Не через двадцать, а через сорок пять минут деньги, двадцать пять тысяч талеров, оказались на расчетном счете «Дома фондовых ремесел», еще через час Сигорду удалось перевести их на свой биржевой счет и только тогда игра пошла.
О, ужас первых рабочих дней после краха! Нет, нет, методика игры, согласно алгоритму, замеченному и примененному Сигордом, оказалась вполне жизнеспособной: она давала в день, если это был полноценный рабочий день, в две половины биржевой сессии, до одного процента прибыли от стартовых денег, но один процент от двадцати пяти тысяч талеров составлял всего лишь двести пятьдесят талеров.
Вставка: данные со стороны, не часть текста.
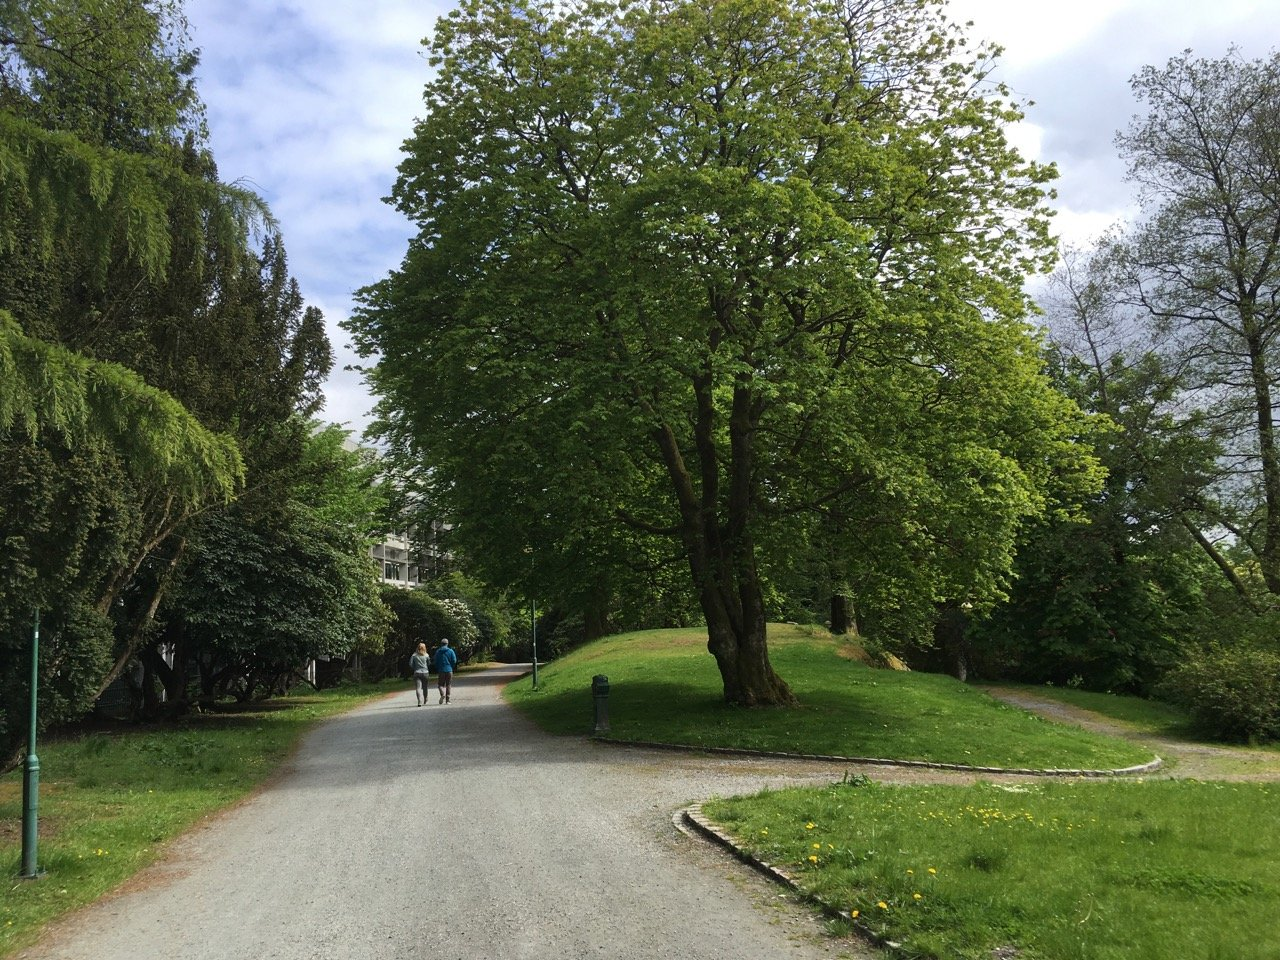 Nygårdsparken park, Møhlenpris. Photo
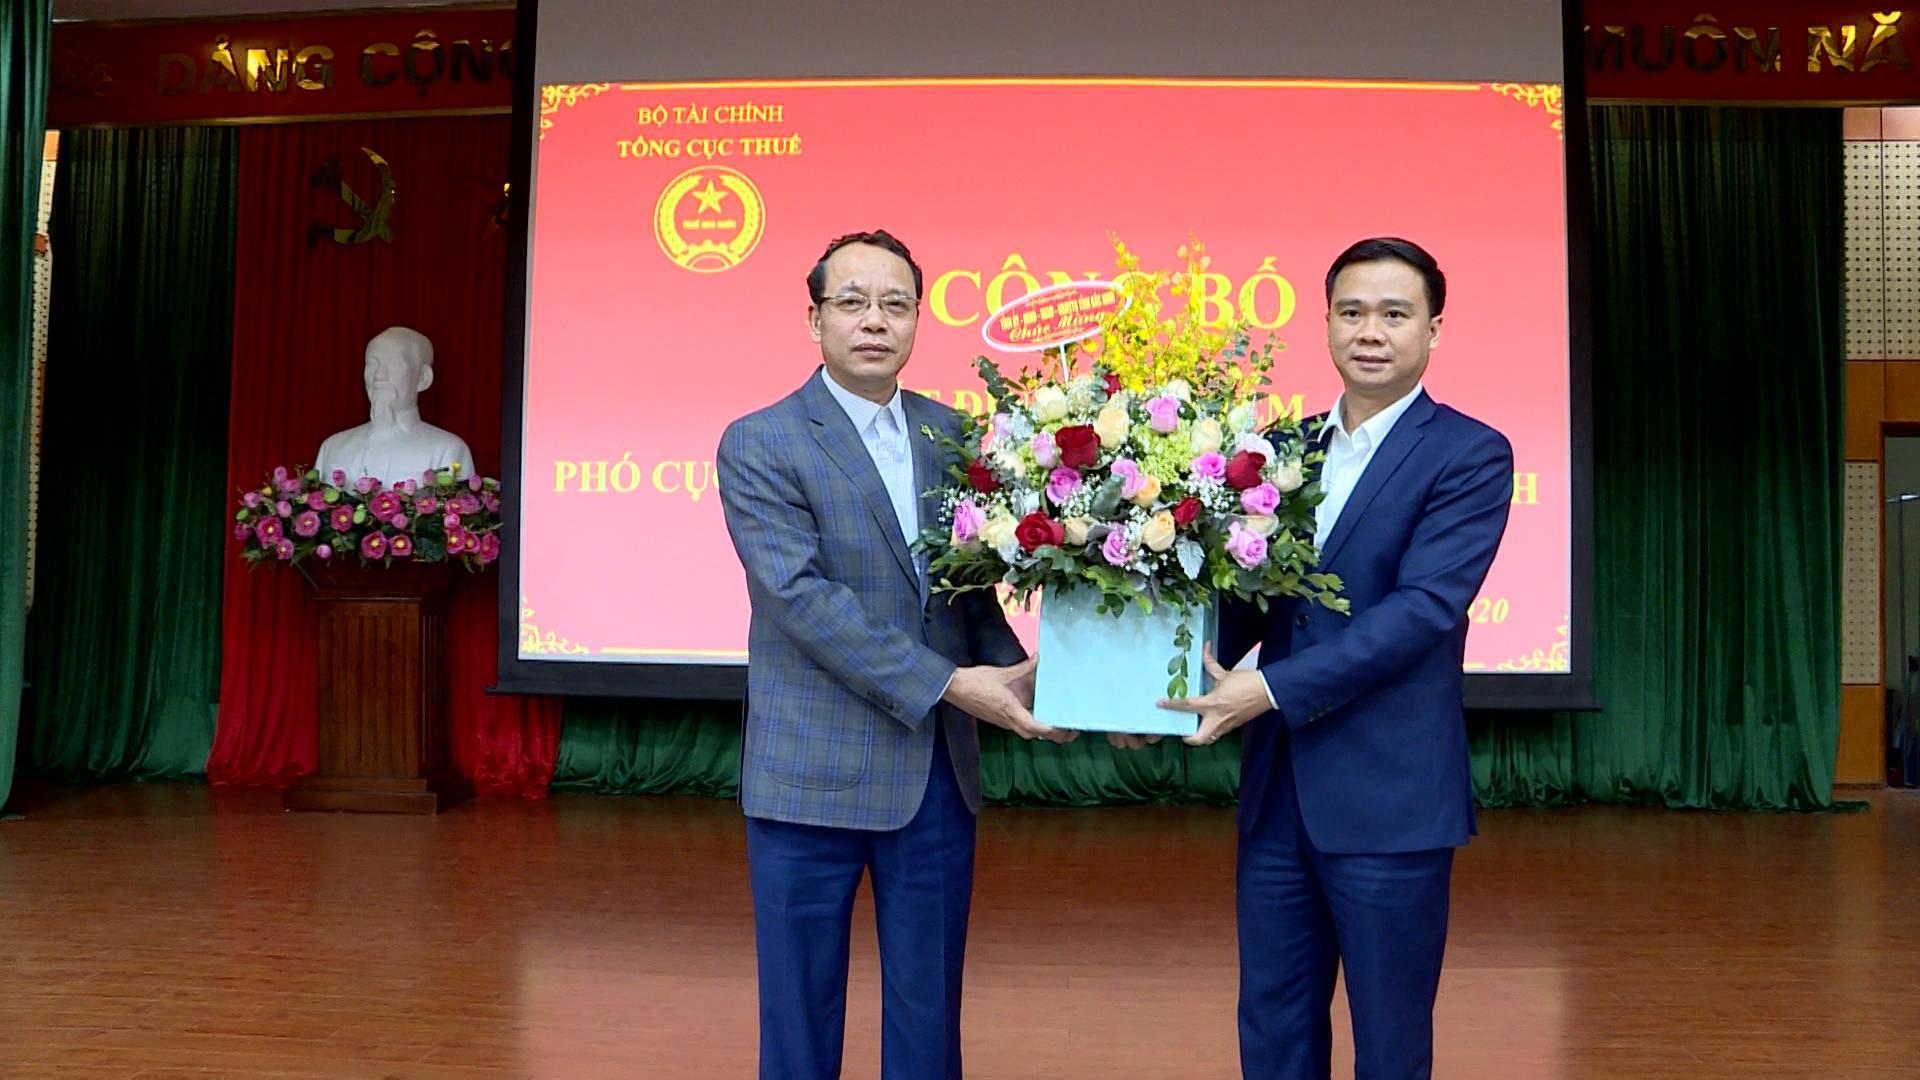 Công bố Quyết định bổ nhiệm Phó Cục trưởng Cục Thuế tỉnh Bắc Ninh

В биржевом месяце шестидневная рабочая неделя, но суббота ущербна, ибо в субботу только одна утренняя биржевая сессия, соответственно и прибыли в ней — полпроцента. Итого, по итогам месяца, выходило от пяти с половиной до шести тысяч талеров грубой прибыли. Так оно и получилось: пять восемьсот. Если бы деньги, участвующие в игре, совсем не трогать, не отвлекать, то сложные «проценты-на-проценты» дали бы, примерно, еще одну тысячу барыша, но телефон, но мелкие почтовые и иные поборчики неумолимо сжирали «процентную» тысячу… Это не считая куда более существенных платежей, без которых немыслима жизнь делового юридического лица: членские биржевые взносы, плата за коммуникативные линии, арендная плата за оба помещения, страховые отчисления, налоги на прибыль… И это еще не все… Не говоря уже о зарплате, которую только Сигорд с Яблонски привыкли получать по десять тысяч ежемесячно и при этом считать ее скромной…
Яблонский долго молчал, с листочком расчетов в руке, избегая встречаться глазами с Сигордом:
— Я что думаю… Можно не трогать эти пять восемьсот, а потерпеть еще месяц, подумаешь — задолженности… Не отключат же нас, а по налогам мы с легкостью можем волынить до конца марта, почти…
— И жить на что будешь?
— Ну… не знаю… Месяц в любом случае протяну. Я бы и больше продержался, но матушка моя совсем плоха, чертова уйма денег уходит на сиделок, врачей и лекарства…
— Да я понимаю, Ян… Ты и так мужик-молоток, что меня не бросил, рядом тонешь. Нет, эти пять восемьсот — ничему не выход. Что, глухо в банках?
— Глухо. — Ян Яблонски обошел, наверное, все до единого кредитные учреждения Бабилона, проявил чудеса рассудительности и коварства, оборачивался в деловых разговорах — в зависимости от этнической обстановки — поляком, евреем, русским, немцем… Ничего не помогло, никто и ни на каких условиях не хотел давать коммерческий кредит «Дому фондовых ремесел».
— А под залог?
— Так каков наш залог? У нас его нет. Уставный фонд? Под него давать? — они никто и слышать не хотят, разве что в лицо не смеются… А иные и смеялись.